Task requirements
Repeat the lines from the one containing "Κρήτη: Ισόβια κάθειρξη" through the last line of the data, exactly, pictures omitted.

Data segment
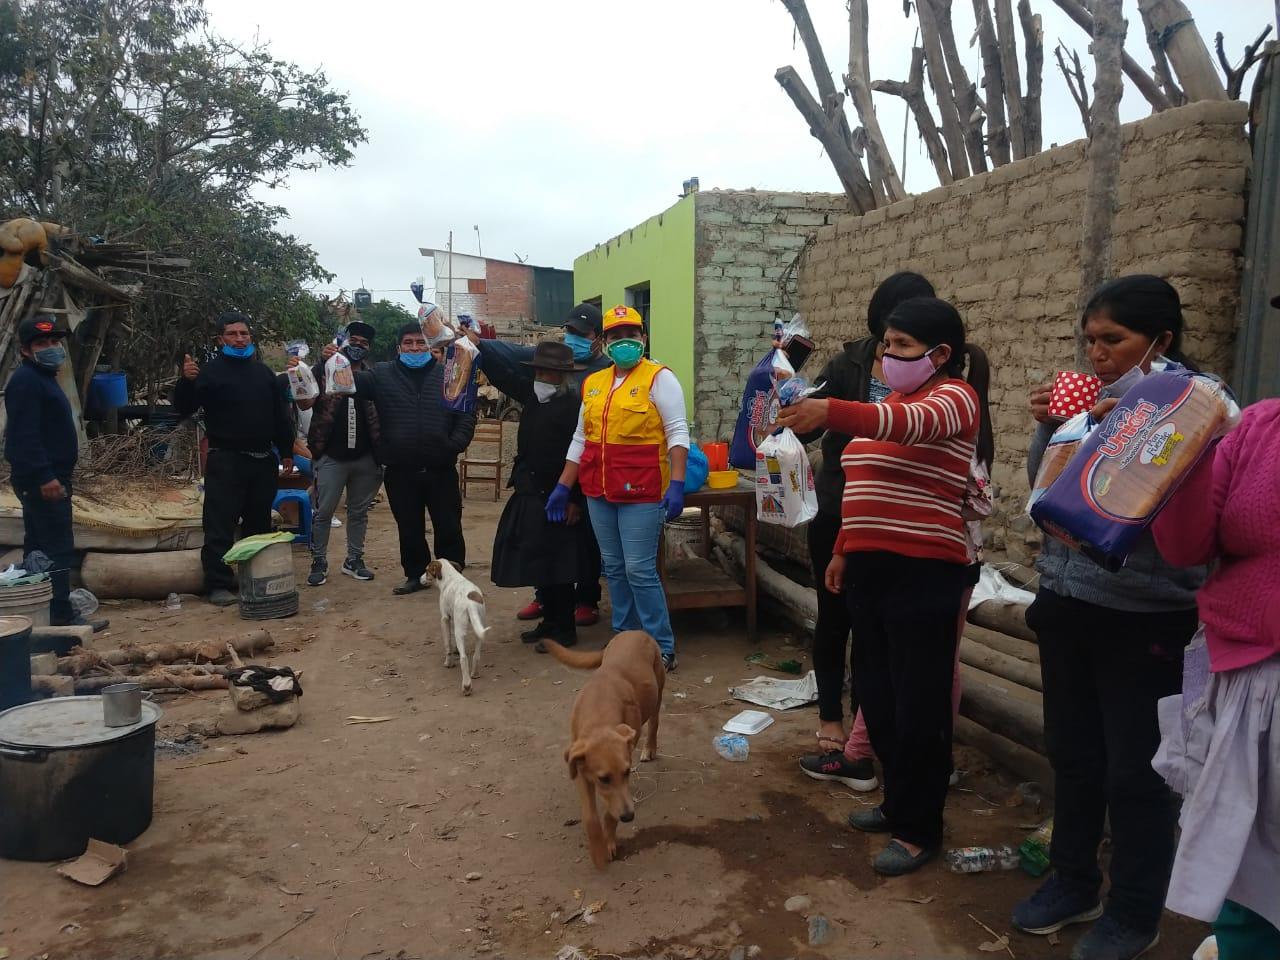 Juntas vecinales de Cañete asumen responsabilidades ante inacción de alcaldes municipales
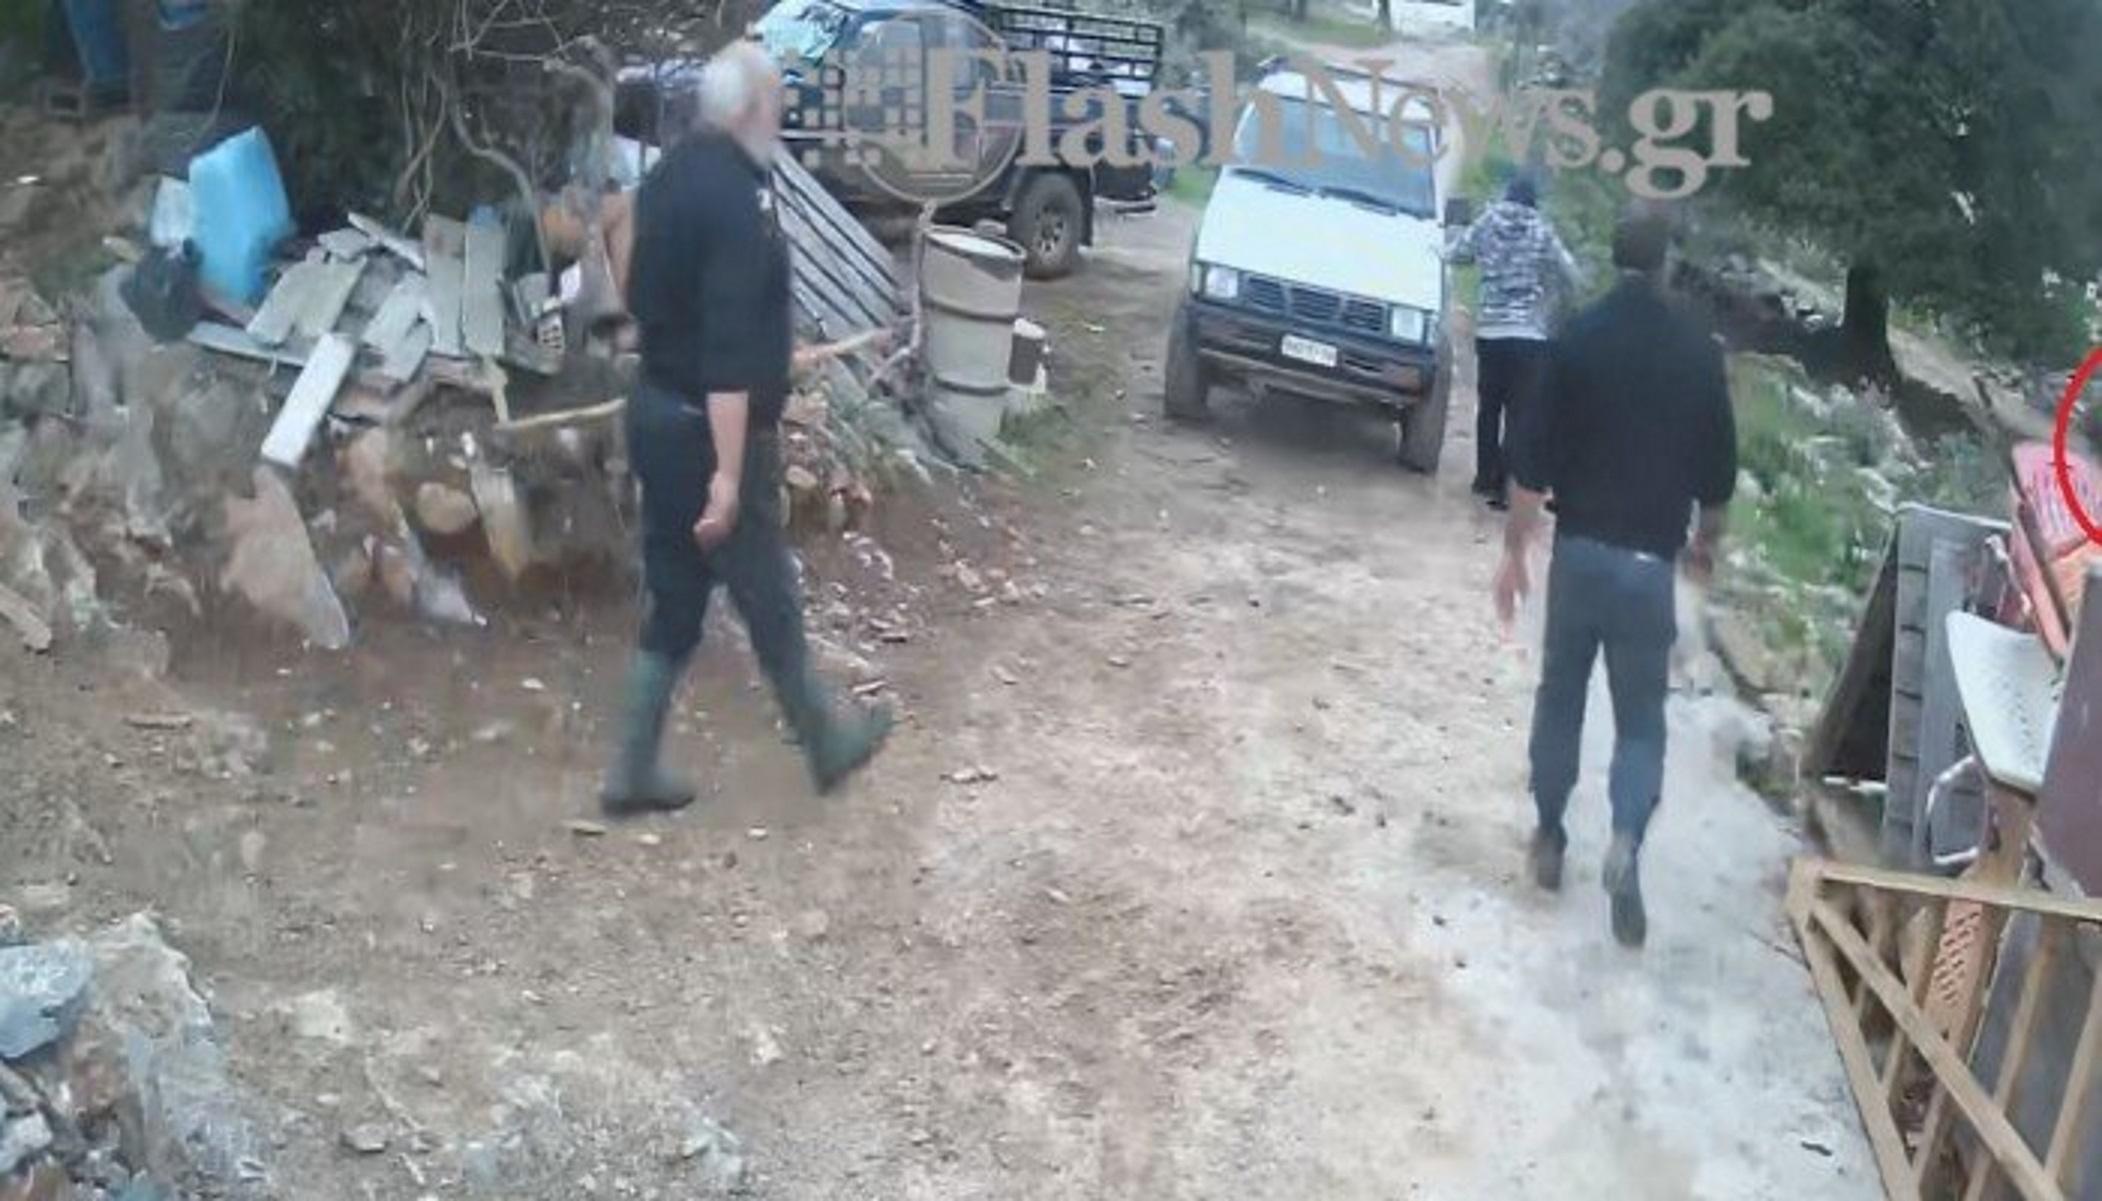 Κρήτη: Ισόβια κάθειρξη στον δολοφόνο του 73χρονου Μανώλη Φινοκαλιώτη
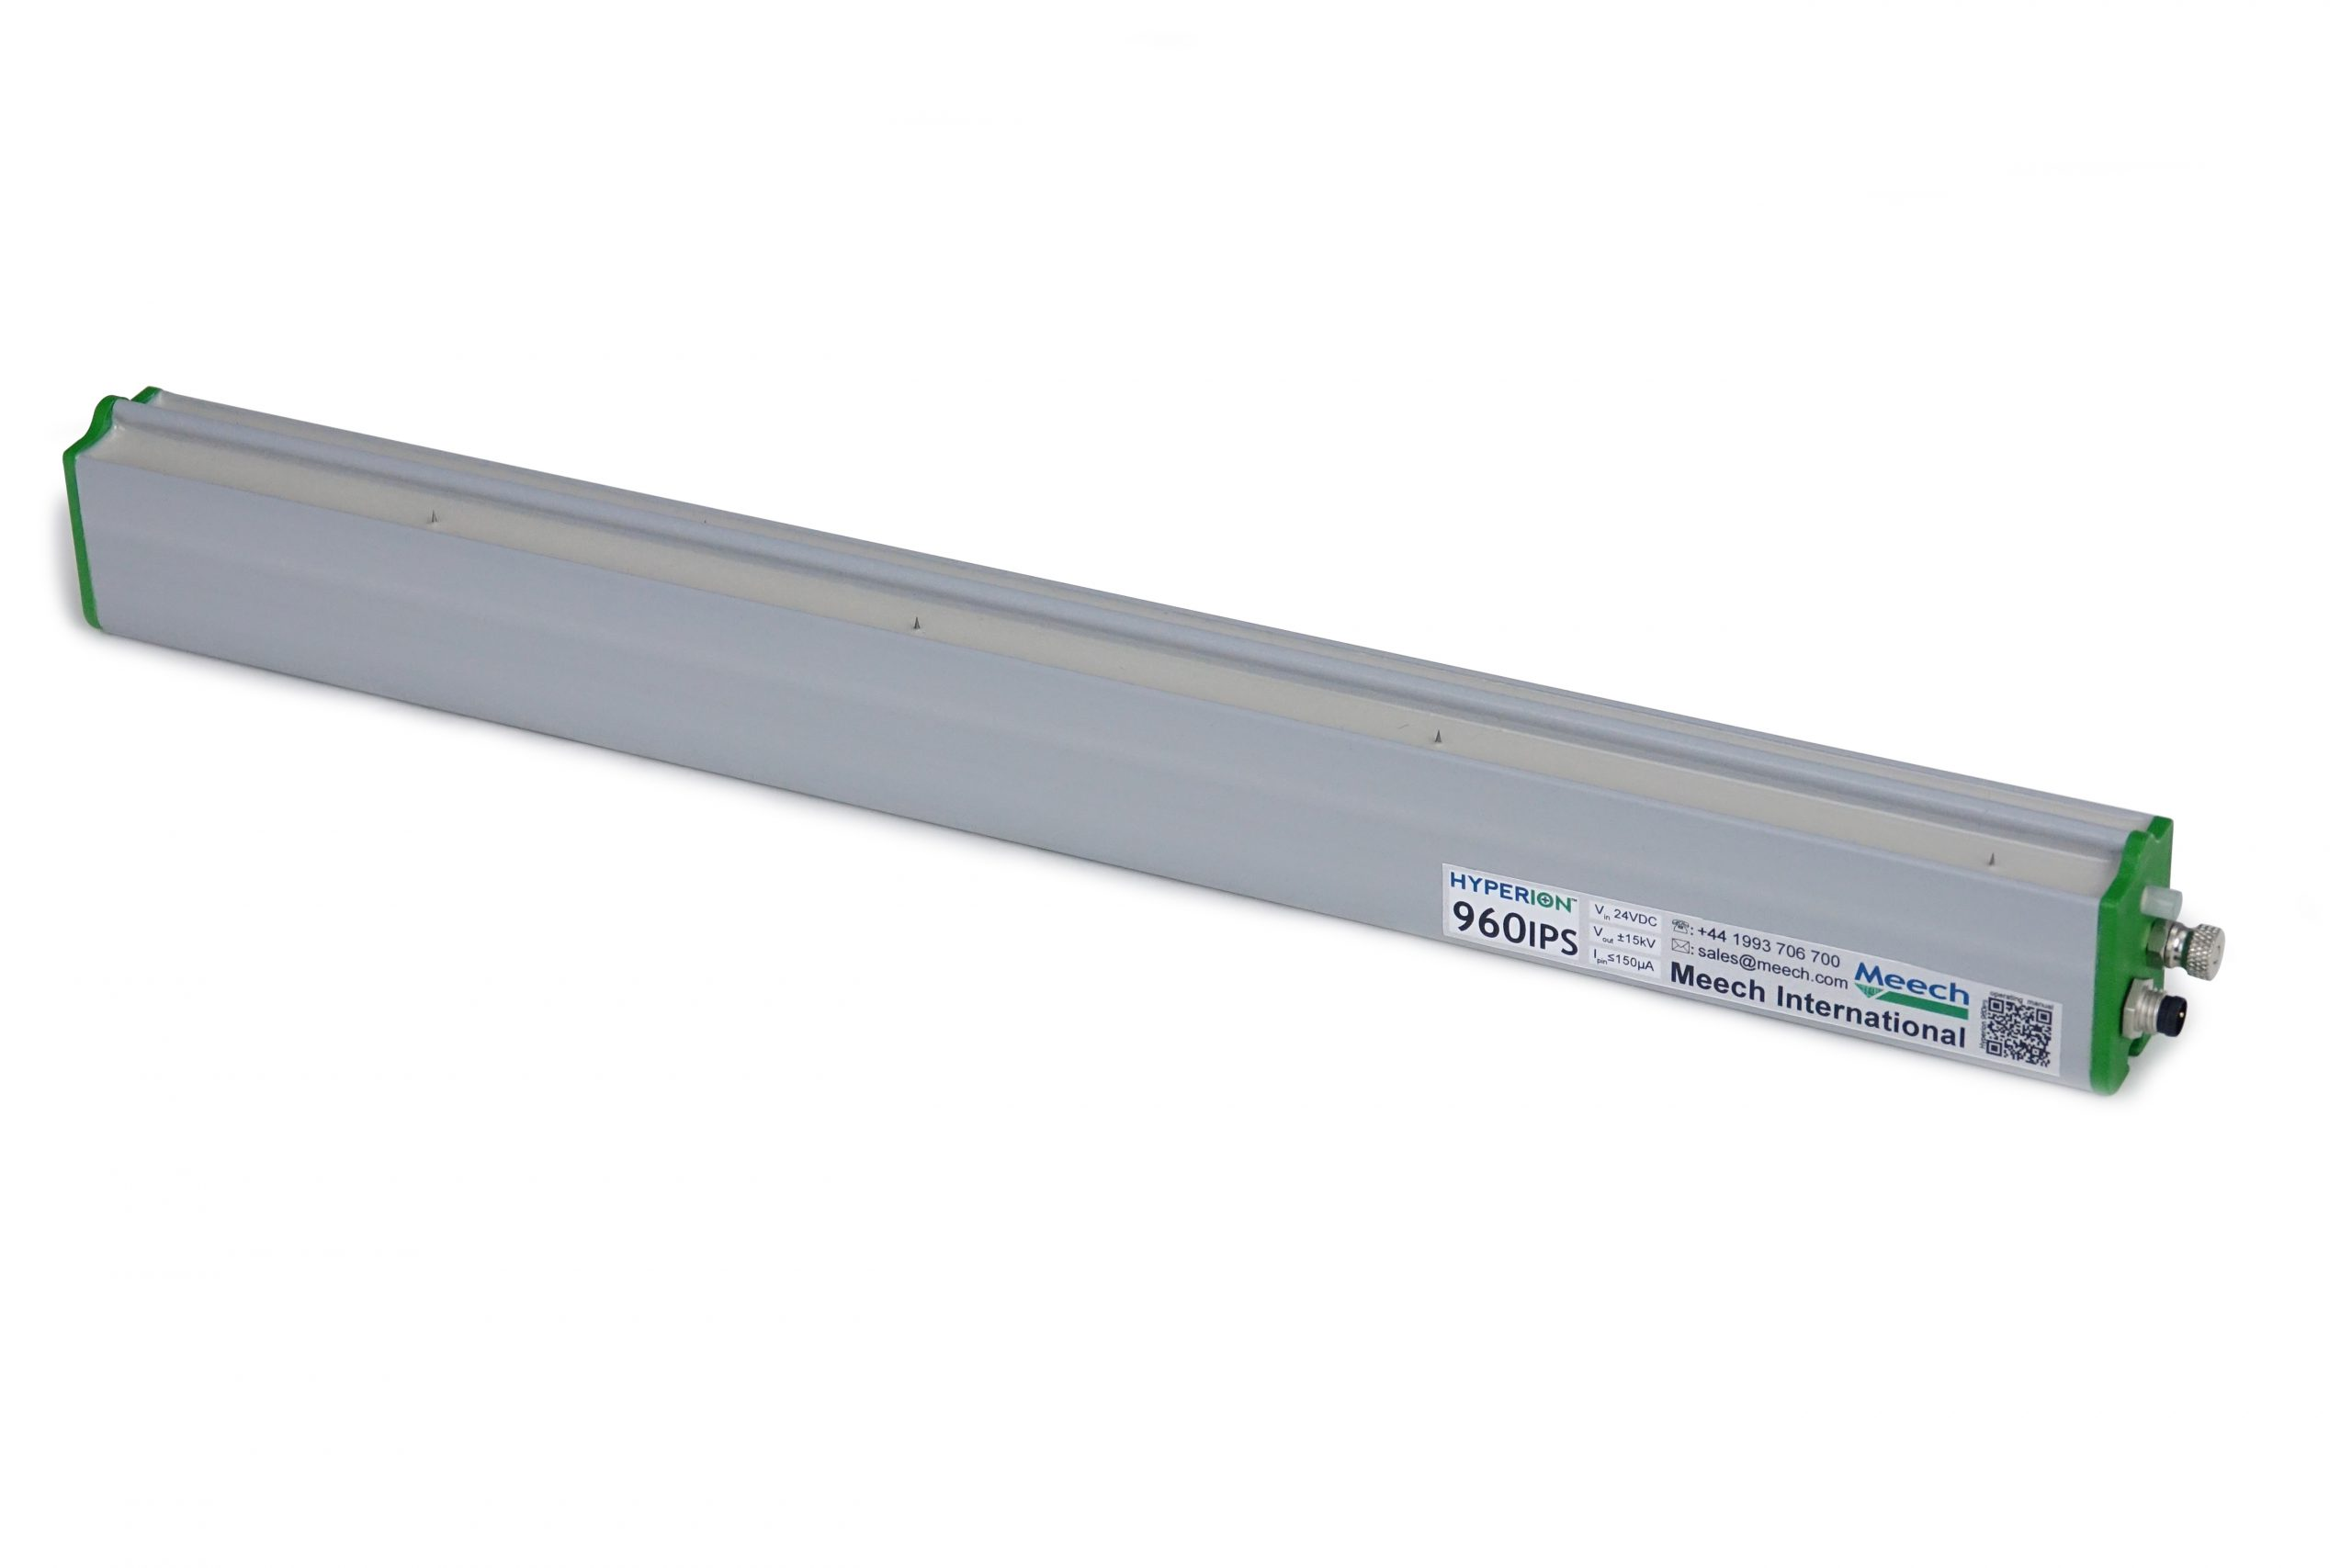 Hyperion 960IPS DC-Elektrode für mittlere Reichweiten

Exercise result
 Κρήτη: Ισόβια κάθειρξη στον δολοφόνο του 73χρονου Μανώλη Φινοκαλιώτη
 Hyperion 960IPS DC-Elektrode für mittlere Reichweiten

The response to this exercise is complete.